Thanks again Blueslicks, maybe you can shed more light on the "1936" again, and or touch on other subjects we've discussed.

Cheers, 

Jack Tone


----------



## Blueslicks

Just thought I'd post this pic for all those who ask "does it really matter" if a cab is ply or MDF. 

Sound quality and preference to tone aside, when you talk durability I think it's obvious what a crappy material MDF truly is. Here's a pic of a 1936 I lifted off ebay just now. Look where the casters have been inserted near the baffle. That's from wheeling it around a bit, having the caster socket screws loosen from spreading MDF and then the tips of the casters ultimately swaying and pressing against the baffle.

Stuffs also a real treat if you ever have to remove the baffle, then reinsert the screws.

I guess there is a chance the guy is using non-Marshall castors and did the damage himself when drilling bigger holes to fit them but still...
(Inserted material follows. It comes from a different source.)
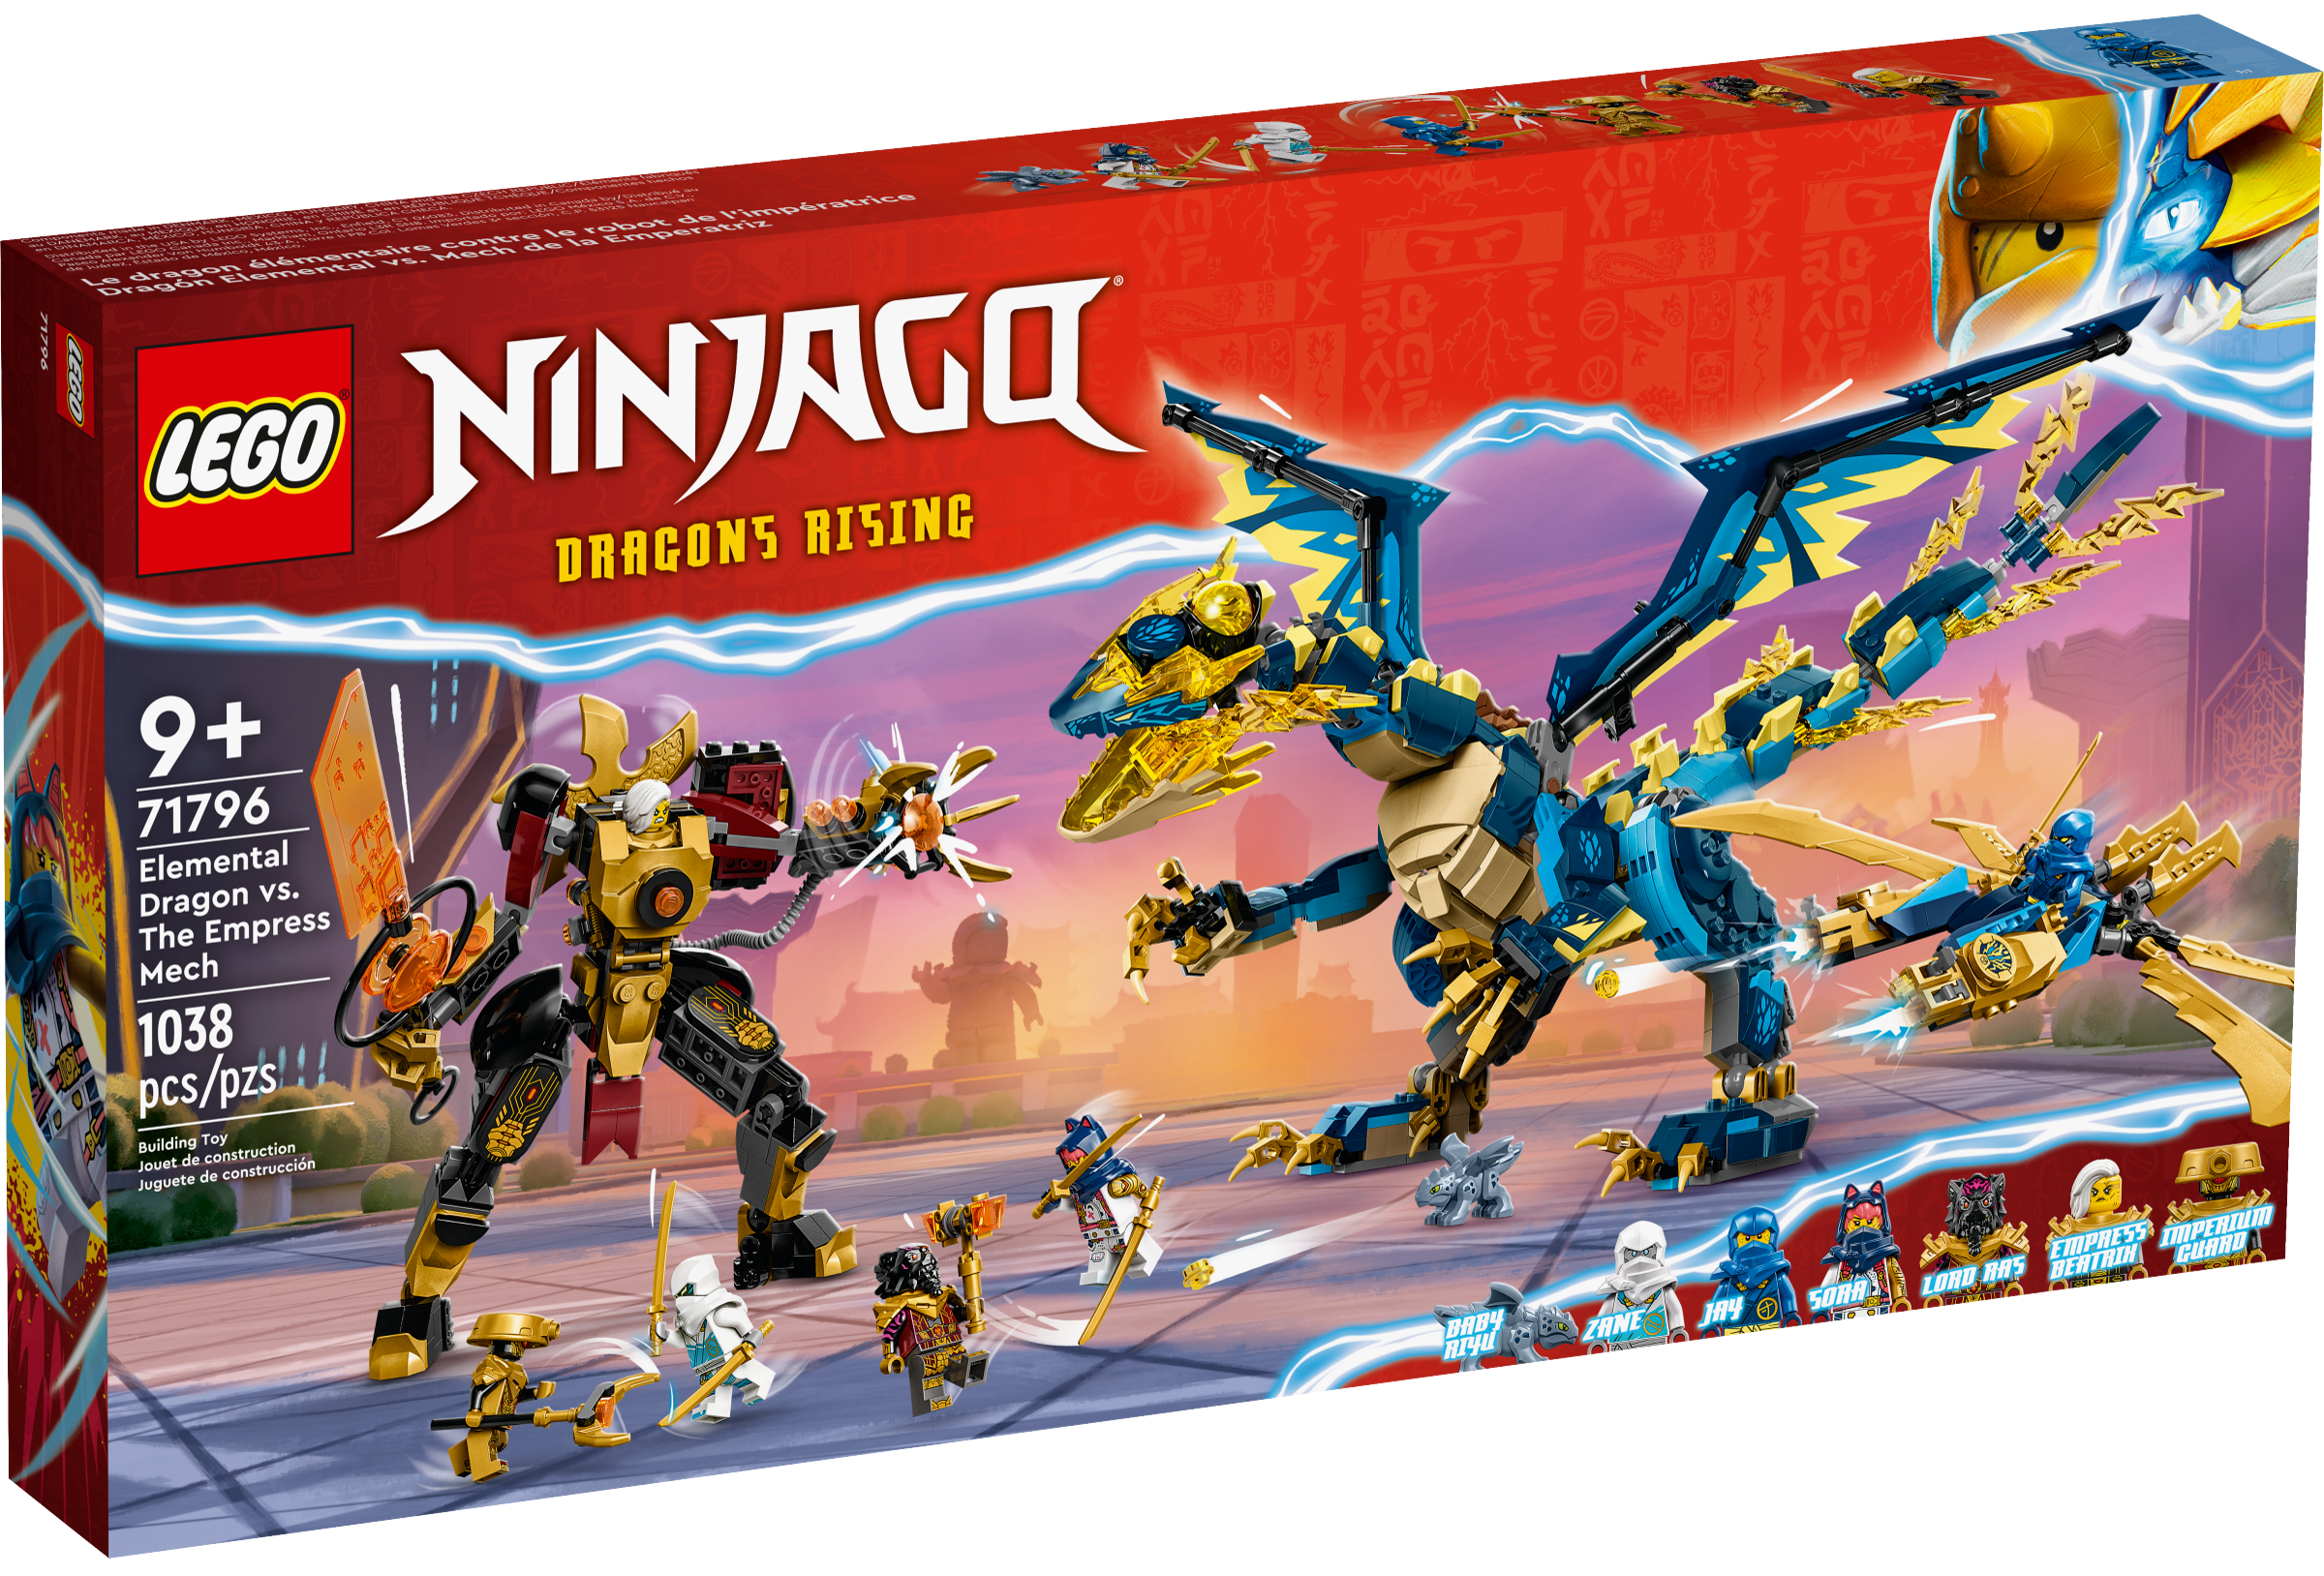 Source Dragons, Ninjago Wiki

For over a decade Marshall pumped out these atrocious excuses for cabs under the guise of it being professional grade, road ready gear. I imagine many, many people purchased those cabs without even questioning the material. Marshall sure never announced a switch from ply nor did they inform anyone of the MDF material in the specs when advertised as far as I know. Either way, what a colossal rip off for the prices Marshall asked for that shit.


----------



## Micky

You sure it is a 1936? Where is the link to the auction?
What year do you think the cab was produced?


----------



## Blueslicks

Micky said:


> You sure it is a 1936? Where is the link to the auction?
> What year do you think the cab was produced?



I would guess it's anywhere from the early 90's through 2010...

Marshall 1936 Custom 2x12 Guitar Speaker Cabinet w Vintage 30s 811501022152 | eBay

And yes it's a Marshall. I've been inside enough 1936's to be sure. Screw placement, pozidriv screws, speaker placement, logo placement, tolex, corners and rivets. Look at the brace inside...the MDF base and thinner wood post along with the screws holding it on are giveaways as well. They used a ply base on the brace up until the JCM900 models. Then with the JCM900 series they cut costs again by making the brace even thinner than it was with the JCM800 series and started using MDF for the base. The JCM800 base was secured with thick dome head screws and by the JCM900's they began using a flathead smaller screw the same of which they use on the caster sockets. The seller also verifies the input jack states 150 watts in his ebay add which signifies it was originally loaded with stock G12T-75's.


----------



## JackTone

It sure looks like a 1936 cab. to me. I agree, pulling the screws (even once) and then reset them in that crap will only give to grief. 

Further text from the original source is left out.